Days and nights passed. The striking weavers starved in their warehouse, the Amalgamated Printer sat on his chimney. Chimney Sitter Tanabe's 129 hour record was passed. Still the hardhearted owners of Japan Dyeing & Weaving Works did not relent. The strikers had forgotten that the real reason Chimney Sitter Tanabe won his case in November was that the Emperor, the Son of Heaven, was scheduled to pass beneath that particular chimney. It is illegal, it is sacrilege for any Japanese to look down on the Son of Heaven.

Emperor Hirohito showed no desire to go anywhere near the Weaving Works last week. Three score of the self starved strikers dropped from exhaustion, were carried to a hospital. Hunger striking was not in the contract of the chimney sitting printer. Sympathizers threw him rice balls, hard boiled eggs and apples. Then he was provided with a rope and a bucket, hauled up plentiful nutriment hand over hand.

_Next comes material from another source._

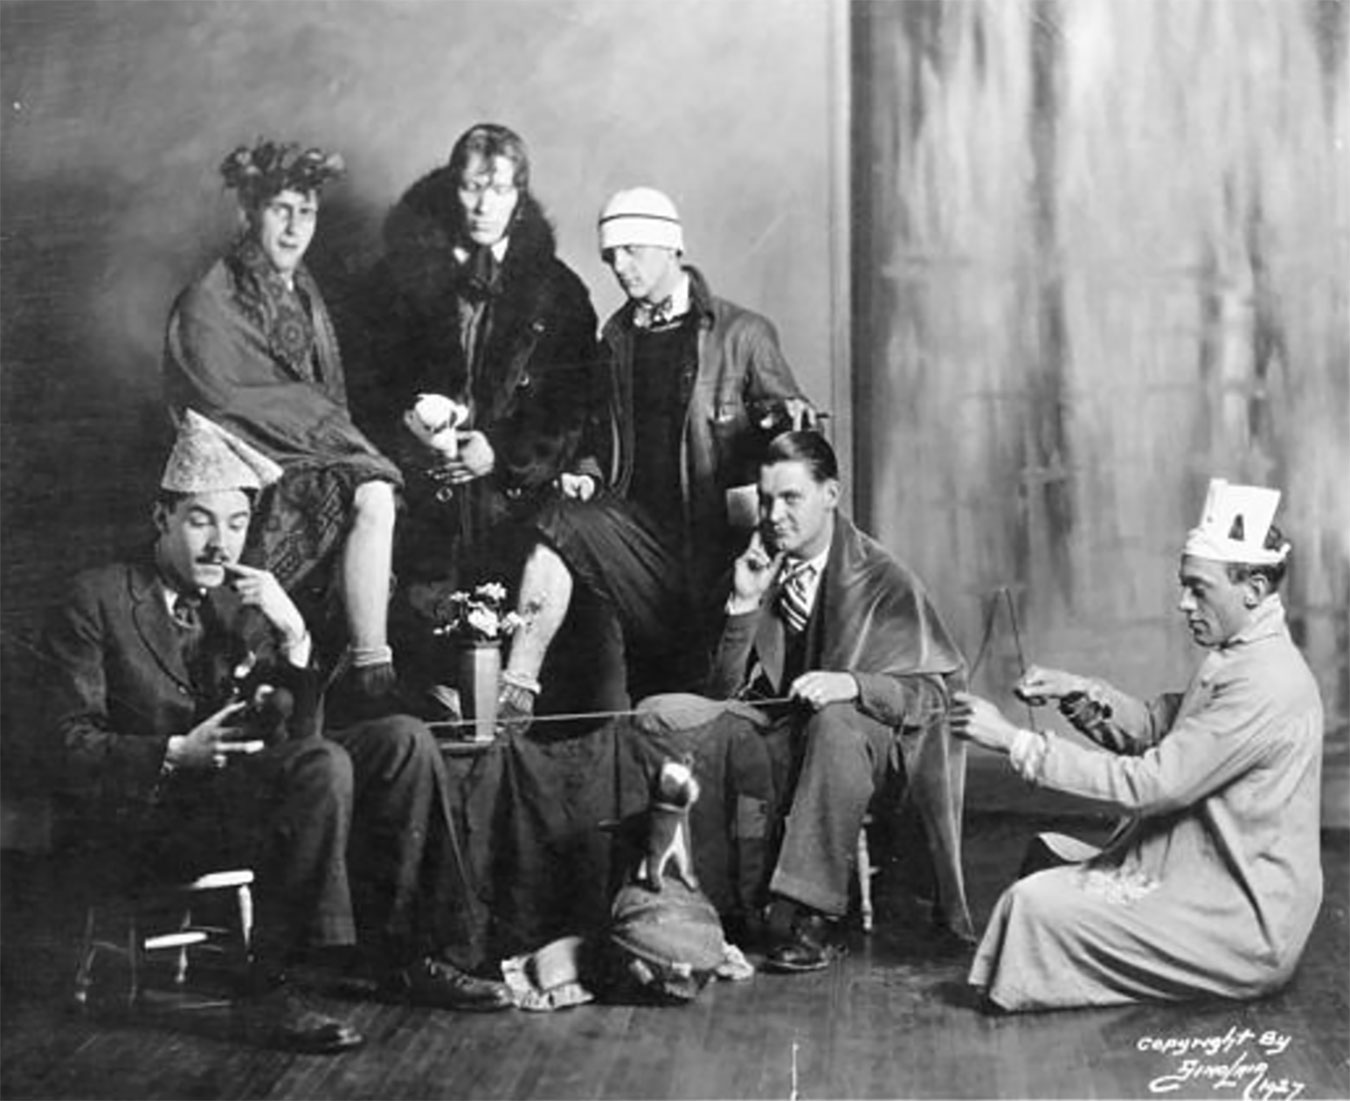 Monk (back row, center) became the chief spokesman of a group of absurdist artists he named the Bent Eagles. Carmichael wrote on the back of this photograph: "Some more crazy musicians from Indiana. Moenkhaus in fur collar, Eddie Wolf with bow and arrow." | Photo courtesy of Indiana University Archives of Traditional Music

At the end of 150 hours the weavers in the barn modified their hunger strike, announced that they would eat bean soup, but nothing else. Cauldrons of bean soup were rushed to their aid. A reporter of the Tokyo Asahi Shimbun scaled the chimney sitter's stack, asked his name. This the sitting printer refused to give. Said he, his spectacles flashing in the setting sun:

"I am doing this for the workmen of the Japan Dyeing & Weaving Works, my brothers. I do not want admiration for my humble self."